Monday, November 12, 2018

1980 Pontiac Bonneville - Stuff of Dreams


The Bonneville Salt Flats are a 30,000 acre stretch of hard, white salt crust on the western edge of the Great Salt Lake in north western Utah. Covering approximately 46 square miles, they're named after U.S. Army officer Benjamin Bonneville who explored the area in the 1830's. Each summer on the flats, amateur and professional race teams compete for land speed records in a wide variety of different vehicles. Why the now defunct Pontiac Motor Division of General Motors felt compelled to rivet or glue "Bonneville" to a series of vehicles that were neither extraordinarily fast or in need of additional seasoning is a question we'll never get a complete answer to. Nonetheless, between 1958 and 2005 Pontiac did. Our fairly handsome albeit far from fast or sporty subject here is a 1980 Bonneville coupe.


What's in a name? Nothing, really; especially when dealing with automobiles. After all how many vehicles actually live up to what their named after? Pontiac's various Bonneville's were hardly the stuff of land speed records but over the years the nameplate became as synonymous if not more so with a Pontiac than it did being associated with a curious stretch of flatness so big you can actually see the curvature of the earth at a distance.


The Bonneville's position on Pontiac's totem pole was as ponderous as a starting NFL quarterback's job security. From stater to being benched, back and forth, downgraded an ultimately forgotten about, going on a decade since GM's massive reorganization that led to the entire Pontiac division's ouster, our 1980 Bonneville here here is just another vestige of the old General Motors.
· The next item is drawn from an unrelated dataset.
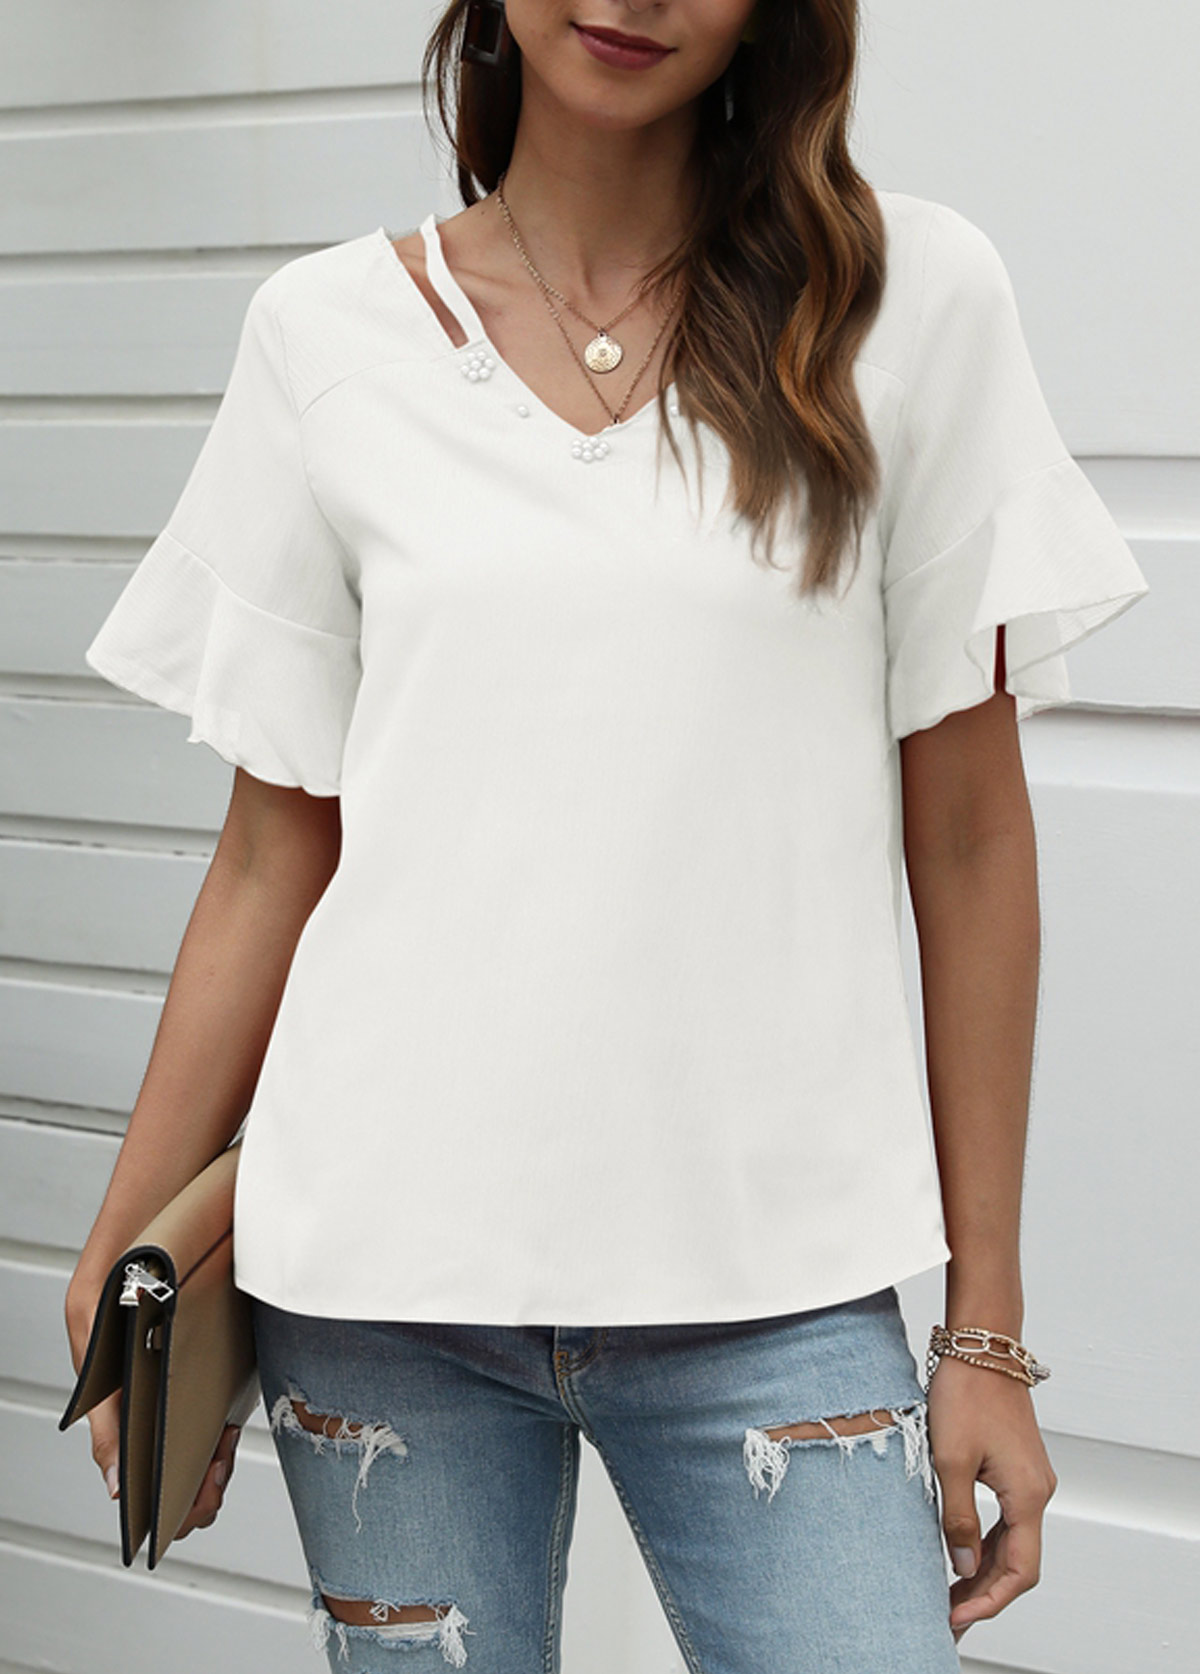 Cutout White Pearl Design T Shirt

That being an unwieldy corporate giant that was comprised of five automobile divisions that all mass produced essentially the same cars with nuanced styling differences.


That didn't make any sense then and certainly makes even less sense now. Yet through it all I find this car to be as utterly alluring as a western driving trip would be to the place that it's named after. I mean, seriously, how fitting would it be to go the Bonneville Salt Flats in an actual Bonneville? If I came home one day with this car telling my family we were driving to Utah they'd, once again, believe I've lost my mind since all they'd see with this car is literally what it is; a nondescript "old man's car". They don't see it as another time machine back to my youth. 


No, my old man never had a Pontiac Bonneville but I knew plenty of families that did or had similar types of cars from GM. I'm not alone in my appreciation for these cars either; they have many a fan of mostly men of a particular age. I know I'd get sick and tired of this big old salty boat quickly but if it were only a little bit closer I'd love to stab the gas and take it for a spin and be 16 again. Understand that compared to the dreadful cars I had back then, these big stylish GM's were the stuff of dreams.

  
Our subject here was part of GM's 1980 updating of their much acclaimed 1977 downsized, full sized models. As ballyhooed as the '77's were, the 1980 models were derided for much of the same reasons what they '77's replaced were. Too big, too thirsty. We have to remember that things were much different  in 1980 compared to 1977 what with the second gas crisis jacking prices of gas up and over the one dollar a gallon mark. Sales of big cars dried up like a lake in the middle of the dessert. 


Perhaps, maybe, in the end, Pontiac's use of "Bonneville" was appropriate.